Climate change is predicted to cause sweeping effects on the world’s biomes, but one of the most peculiar will be on certain reptilian species who employ a physiological mechanism called Temperature-dependent sex determination (TSD).
Research published last week in Climate Change Responses has highlighted an anomalous trend in the future sex-ratios of flatback turtles. Where most of the existing literature has warned of an increasing feminized trend in turtles, the rookery of this study has shown quite the opposite. The Cape Domett rookery is a hatching ground for flatback turtles (Natator depressus) located on the northern coast of Western Australia and has been the subject of intensive, long-term study in turtle ecology.
TSD is a type of environmental sex determination only found in reptilian species which lay their eggs out of water, known as amniotes. For contrast, many species (including us!) use chromosomal sex determination – where gender is determined upon conception on a genetic level. TSD is made during the middle-third stage of embryonic development, often only lasting one or two weeks.
The evolution of TSD has set temperature thresholds for sex-determination, and for turtles males are produced at generally lower temperatures (22.5°-27°C) and females being produced exclusively at temperatures over 30°C. This pattern is reversed in lizards and crocodiles.

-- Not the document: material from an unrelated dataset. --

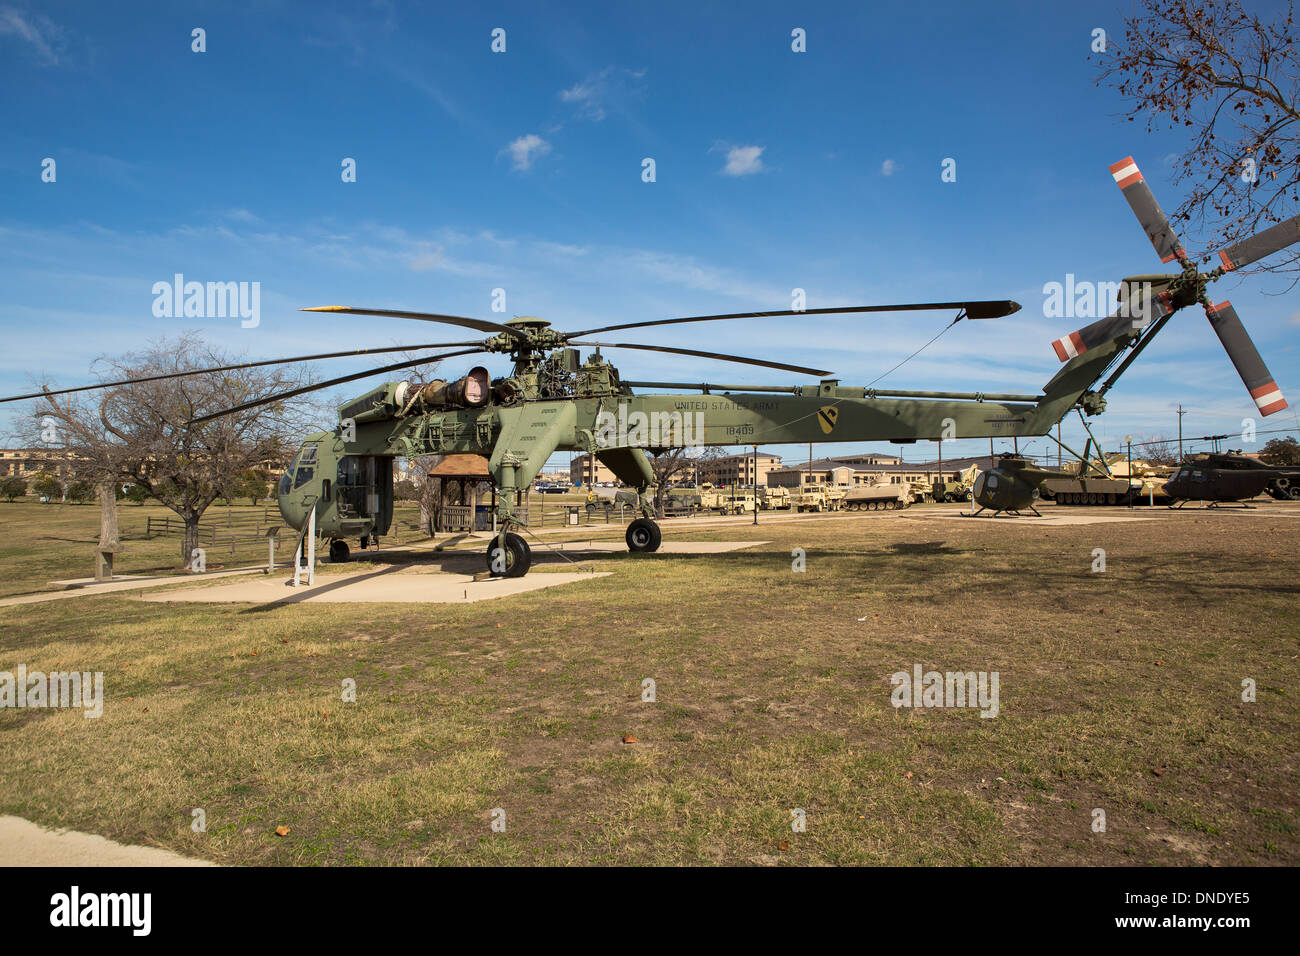 1st Cavalry Division Museum, Ft Hood, Texas Stock Photo, Royalty Free Image: 64845821 ...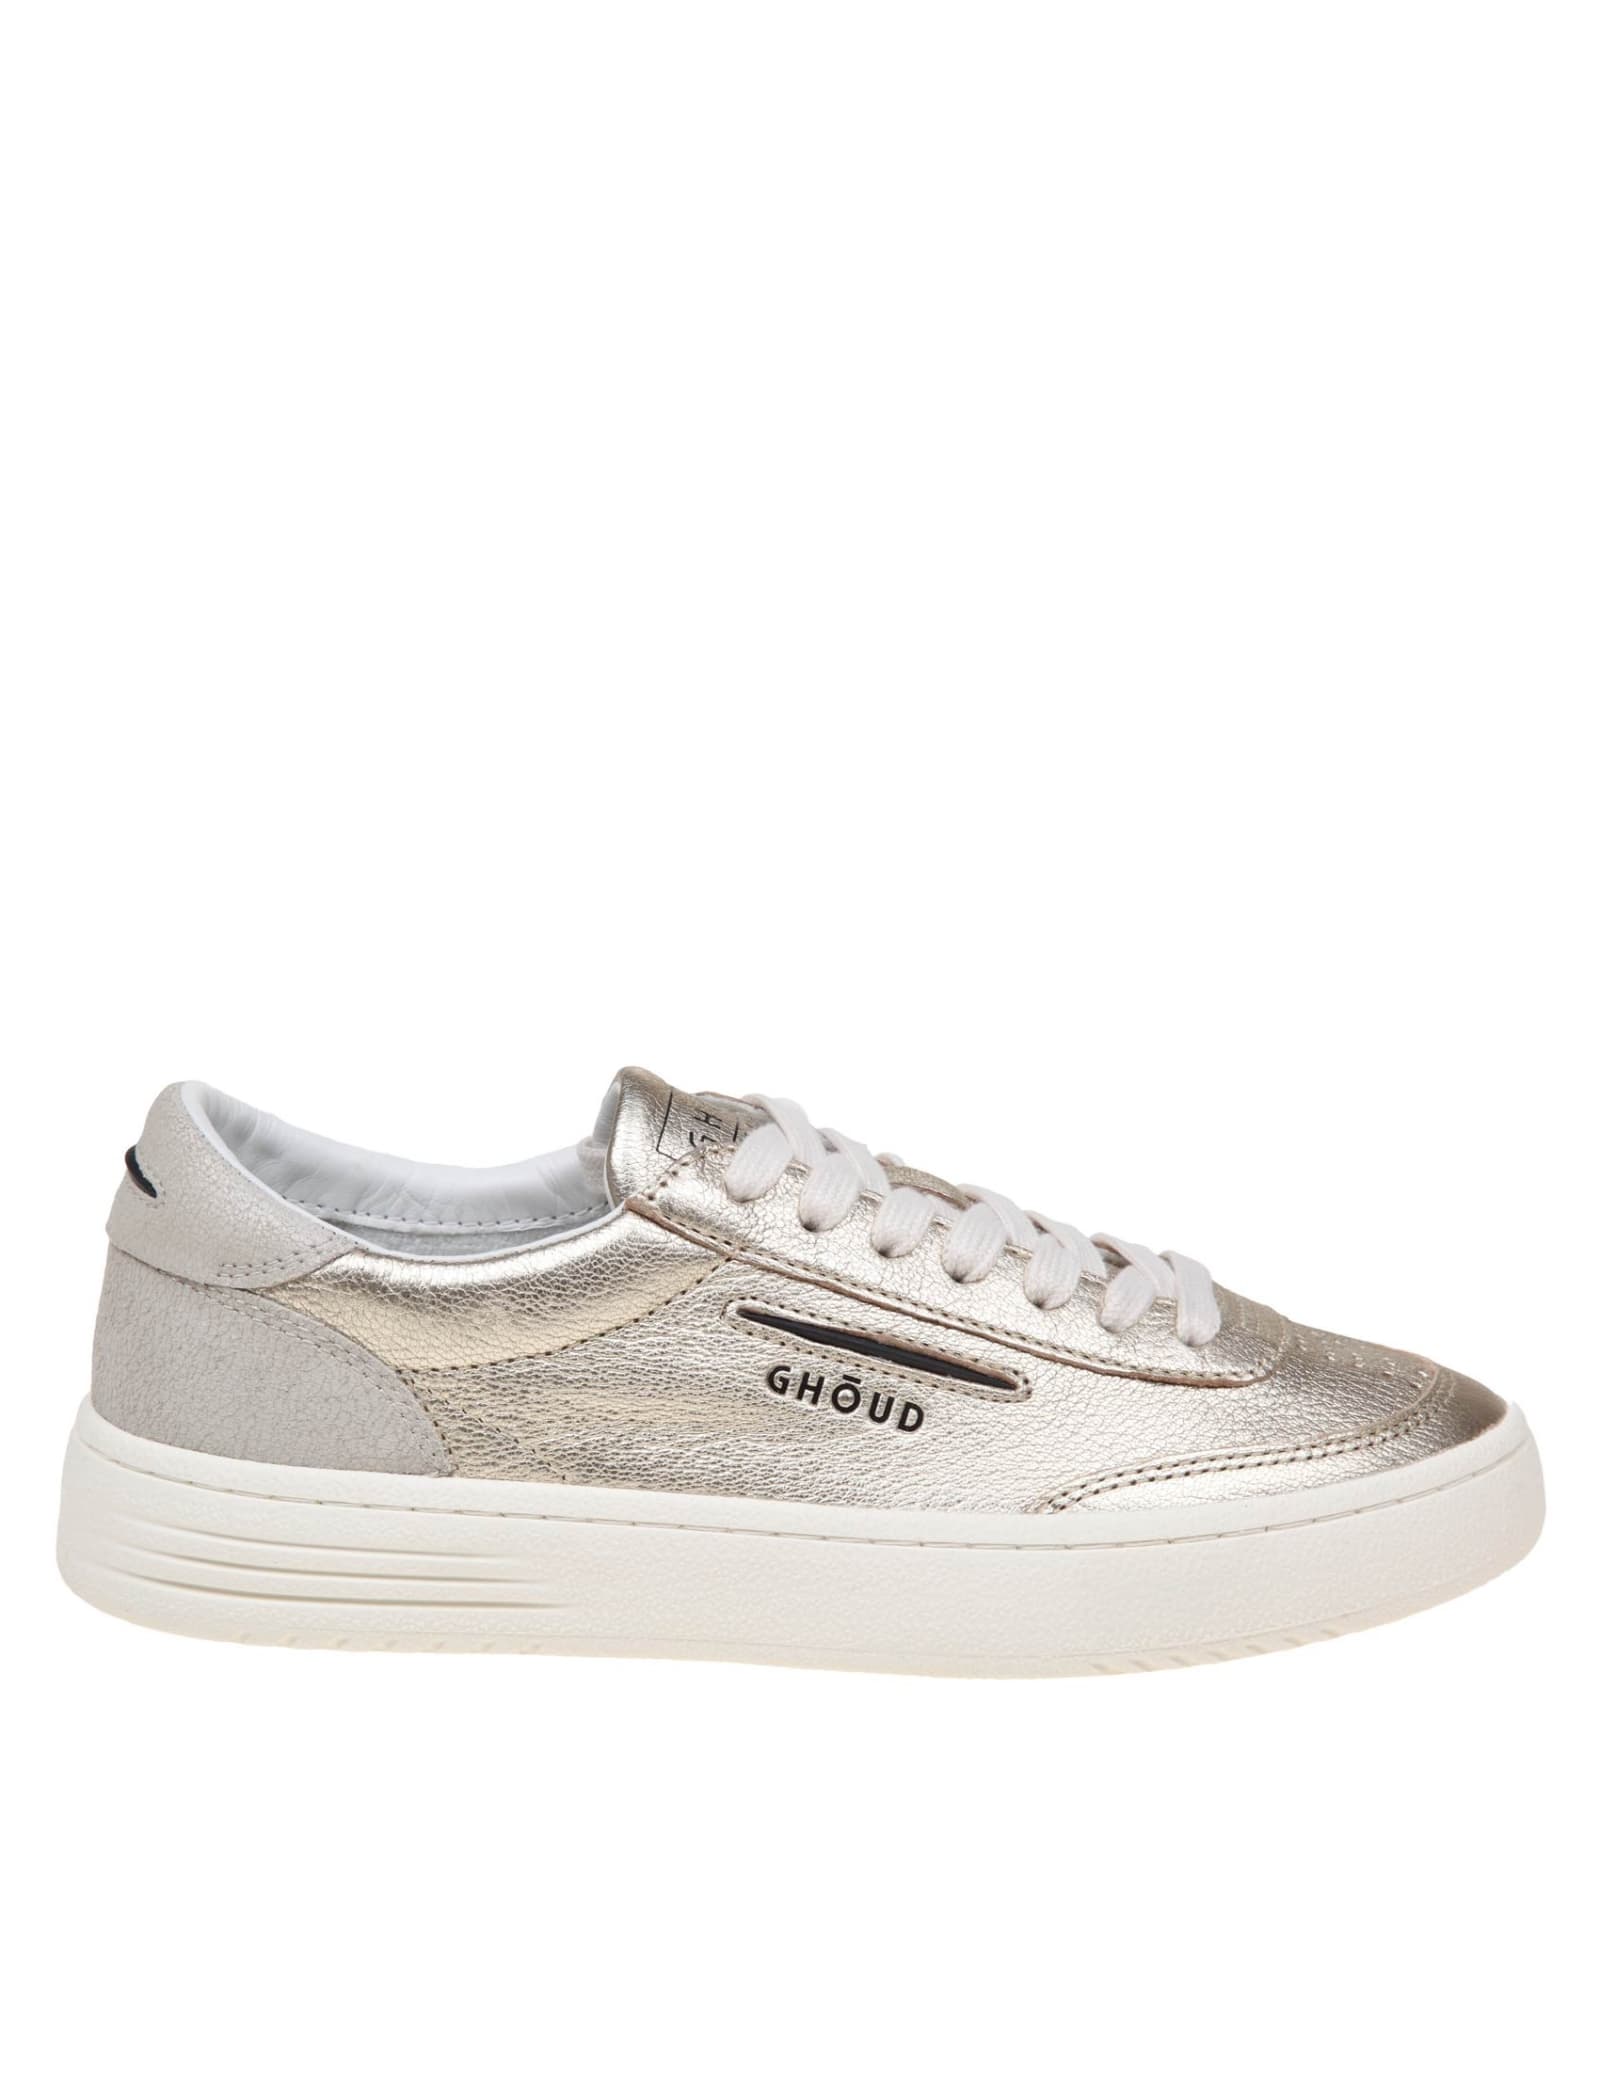 Ghoud Lido Low Sneakers In Platinum Color Leather In Gold

It has become increasingly apparent that this poses a serious problem for the species, with the rapid increase in climate change due to both natural variation and the sustained impact of human industrialization causing global temperatures to rise. This could lead to a remarkable shift in the sex ratios of species who use TSD, for turtles a large swing towards feminized primary sex-ratios.
So what’s special about this particular rookery? While the body of literature has currently been focused on the massively feminizing trend in turtle populations, and its trophic effects, this article has found a peculiar masculinized anomaly. Annual variation of temperature has increased in the past 23 years, and has led to an overall trend of cooler winters – the key time during embryonic development of these turtles.
If this trend of variation were to continue, the authors posit that even greater ratios of males to females could be produced out of the Cape Domett rookery. Further monitoring would certainly be required, but this could contribute a measure of balance to the wider trend of feminized turtle population distributions.
Climate change is however a long-term study, and as our authors extrapolated their data out to 2030 and 2070 we return to the female-biased primary sex ratios that have been extensively mapped across many different species.
Marine turtles have adapted to past climate change, however it’s too early to say whether they may cope with anthropogenic global warming – with inherent difficulties in adjusting sites and depth of nests or micro-evolutionary changes in the hormones which regulate temperature thresholds of sex-determination.
This article however provides a framework for future research into these possibilities, and offers a glimpse at the remarkable adage that even in the face of changing environments – life finds a way.